• _Assignment_: Please find every line of the listing below where "Size" occurs and copy it.

• _Material for this task_:
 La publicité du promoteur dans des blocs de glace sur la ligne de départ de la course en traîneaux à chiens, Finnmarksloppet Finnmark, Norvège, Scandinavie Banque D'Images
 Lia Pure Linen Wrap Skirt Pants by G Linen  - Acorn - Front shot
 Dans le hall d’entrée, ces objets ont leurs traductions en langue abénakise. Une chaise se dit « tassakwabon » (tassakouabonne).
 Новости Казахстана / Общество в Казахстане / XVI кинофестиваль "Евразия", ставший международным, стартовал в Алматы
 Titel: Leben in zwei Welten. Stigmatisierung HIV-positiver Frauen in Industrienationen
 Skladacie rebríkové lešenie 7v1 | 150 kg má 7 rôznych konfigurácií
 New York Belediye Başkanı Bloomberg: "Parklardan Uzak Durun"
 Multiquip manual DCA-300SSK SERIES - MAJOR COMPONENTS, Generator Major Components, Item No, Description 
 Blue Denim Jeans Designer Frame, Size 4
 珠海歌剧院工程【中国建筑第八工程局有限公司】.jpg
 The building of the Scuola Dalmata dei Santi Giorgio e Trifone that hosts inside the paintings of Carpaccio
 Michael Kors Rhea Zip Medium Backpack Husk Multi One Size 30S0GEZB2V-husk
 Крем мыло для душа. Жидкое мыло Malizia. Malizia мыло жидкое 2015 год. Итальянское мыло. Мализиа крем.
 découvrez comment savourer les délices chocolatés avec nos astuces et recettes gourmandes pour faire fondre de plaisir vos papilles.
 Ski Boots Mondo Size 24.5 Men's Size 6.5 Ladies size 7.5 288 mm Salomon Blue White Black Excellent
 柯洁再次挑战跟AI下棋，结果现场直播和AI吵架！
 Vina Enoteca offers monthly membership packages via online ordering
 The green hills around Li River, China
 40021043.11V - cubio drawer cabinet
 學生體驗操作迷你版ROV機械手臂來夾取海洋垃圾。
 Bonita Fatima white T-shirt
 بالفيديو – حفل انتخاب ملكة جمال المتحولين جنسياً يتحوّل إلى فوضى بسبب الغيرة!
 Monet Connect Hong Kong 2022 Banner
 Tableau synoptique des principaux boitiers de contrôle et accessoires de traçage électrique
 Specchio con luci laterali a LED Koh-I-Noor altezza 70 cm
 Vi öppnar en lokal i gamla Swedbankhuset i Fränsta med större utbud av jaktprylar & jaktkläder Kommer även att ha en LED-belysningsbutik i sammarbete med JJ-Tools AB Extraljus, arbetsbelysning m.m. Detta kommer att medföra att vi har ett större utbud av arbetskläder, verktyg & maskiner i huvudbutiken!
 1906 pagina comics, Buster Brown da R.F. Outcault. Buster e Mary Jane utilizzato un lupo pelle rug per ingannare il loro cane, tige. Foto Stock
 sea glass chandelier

• _Result of the exercise_:
 Blue Denim Jeans Designer Frame, Size 4
 Michael Kors Rhea Zip Medium Backpack Husk Multi One Size 30S0GEZB2V-husk
 Ski Boots Mondo Size 24.5 Men's Size 6.5 Ladies size 7.5 288 mm Salomon Blue White Black Excellent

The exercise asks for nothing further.